Summary: Construction spending down 3.8% in June quarter, contrasts with 2.5% increase expected; supply constraints, bad weather hamper work; construction insolvencies rising; residential sector down 6.8%, non-residential building down 1.1%, engineering down 2.7%.
Construction expenditure increased substantially in Australia in the early part of last decade following a more-steady expansion through the 2000s. A large portion of the increase came from the commissioning of new projects and the expansion of existing ones to exploit a tripling in price of Australia’s mining exports in the previous decade. Growth rates began slowing in 2017 and the return to “normal” investment levels may now have taken place.
According to the latest construction figures published by the ABS, total construction in the June quarter decreased by 3.8%. The fall was in contrast with the 2.5% increase which had been expected but it was not as large as the March quarter’s 0.3% decline after it was revised up from -0.9%. On an annual basis, the growth rate reversed course from 2.3% to -4.3%.

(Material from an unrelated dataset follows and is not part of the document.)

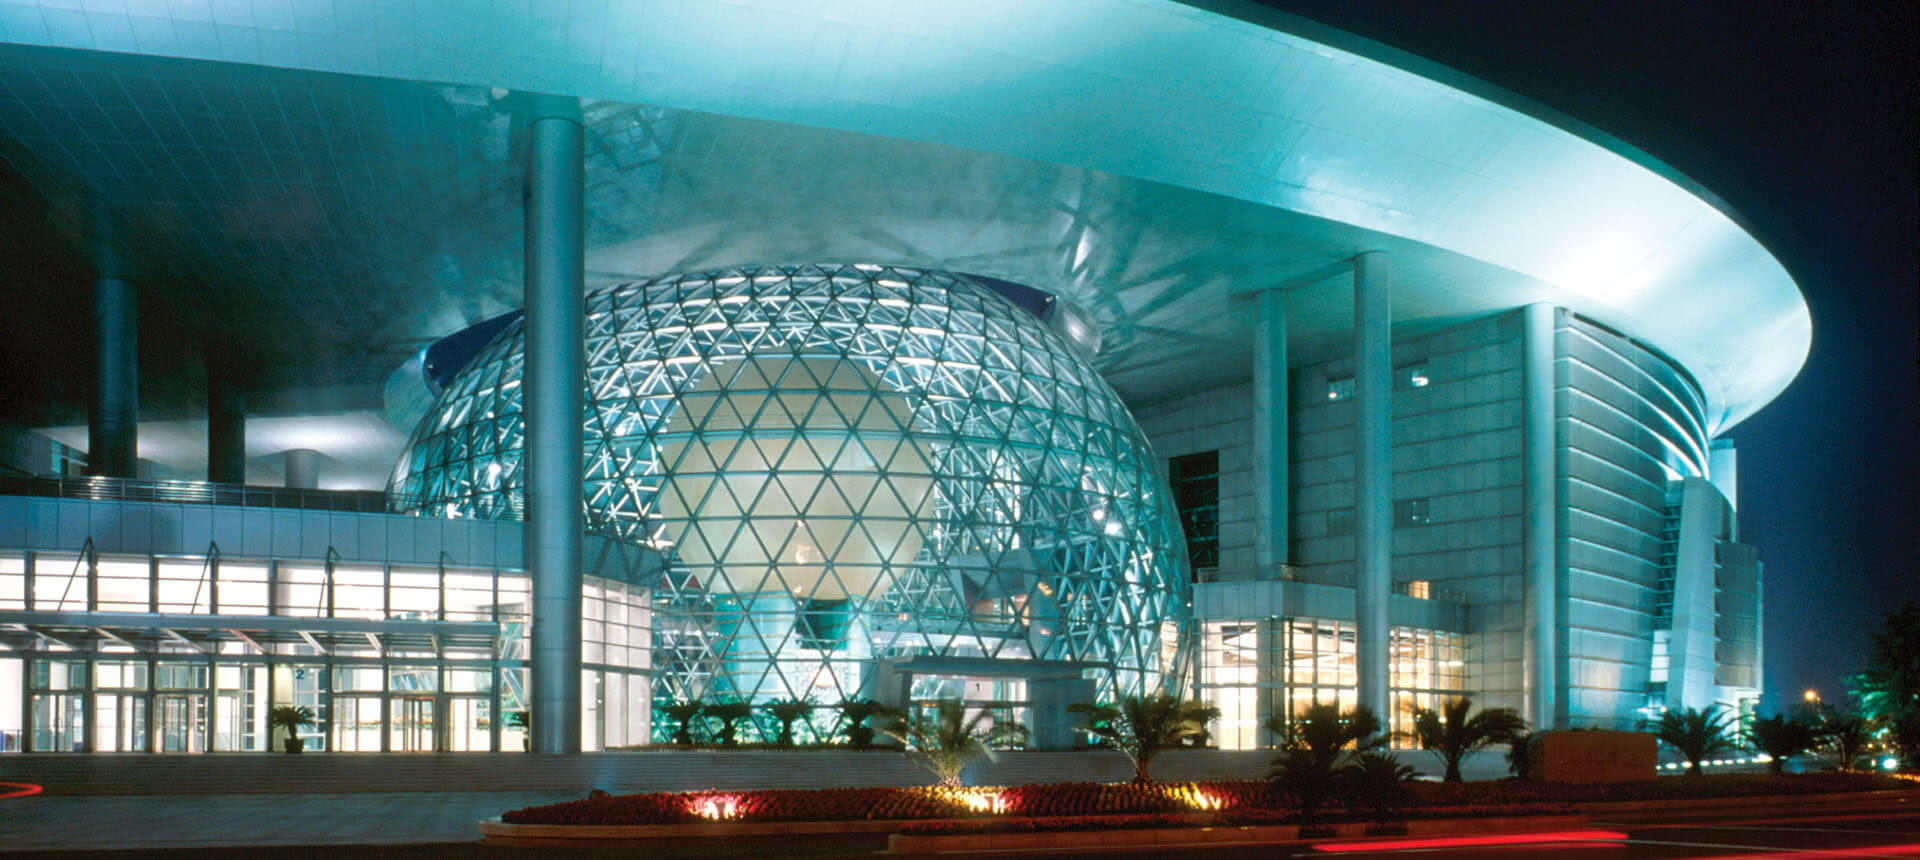 Shanghai Science and Technology Museum - CallisonRTKL

“While the pipeline of detached residential and non-residential construction work remains solid, supply constraints and adverse weather conditions on the east coast of Australia have meant that actual building work would have been less than planned,” said Citi Australia economist Josh Williamson.
Commonwealth Government bond yields fell on the day. By the close of business, the 3-year ACGB yield had lost 5bps to 3.28% while 10-year and 20-year yields both finished 1bp lower at 3.61% and 3.88% respectively.
In the cash futures market, expectations regarding future rate rises softened slightly. At the end of the day, contracts implied the cash rate would rise from the current rate of 1.81% to 2.18% in September and then increase to 2.975% by November. May 2023 contracts implied a 3.76% cash rate while August 2023 contracts implied 3.855%.
ANZ senior economist Catherine Birch noted construction insolvencies were rising. “The consequent disruption in the market, especially after a period of very low insolvency numbers during the pandemic, has likely contributed to the weakness in activity.” Residential building construction expenditures fell by 6.8%, in contrast to the March quarter’s 1.4% increase after revisions. On an annual basis, expenditure in this segment was 7.6% lower than the June 2021 quarter, down from the March quarter’s revised figure of -0.1%.
Non-residential building spending decreased by 1.1%, a turnaround from to the previous quarter’s 0.9%. On an annual basis, expenditures were 0.6% higher than the June 2021 quarter, whereas the March quarter’s comparable figure was +5.1% after revisions.
Engineering construction decreased by 2.7% in the quarter, a greater fall than the 2.1% decrease in the March quarter. On an annual basis, spending in this segment was 4.1% lower than the June 2021 quarter, down from the March quarter’s comparable figure of +2.8% after revisions.
Quarterly construction data compiled and released by the ABS are not considered to be of a “primary” nature, unlike unemployment (Labour Force) and inflation (CPI) figures. However, the figures are viewed by economists and analysts with interest as they directly feed into quarterly GDP figures.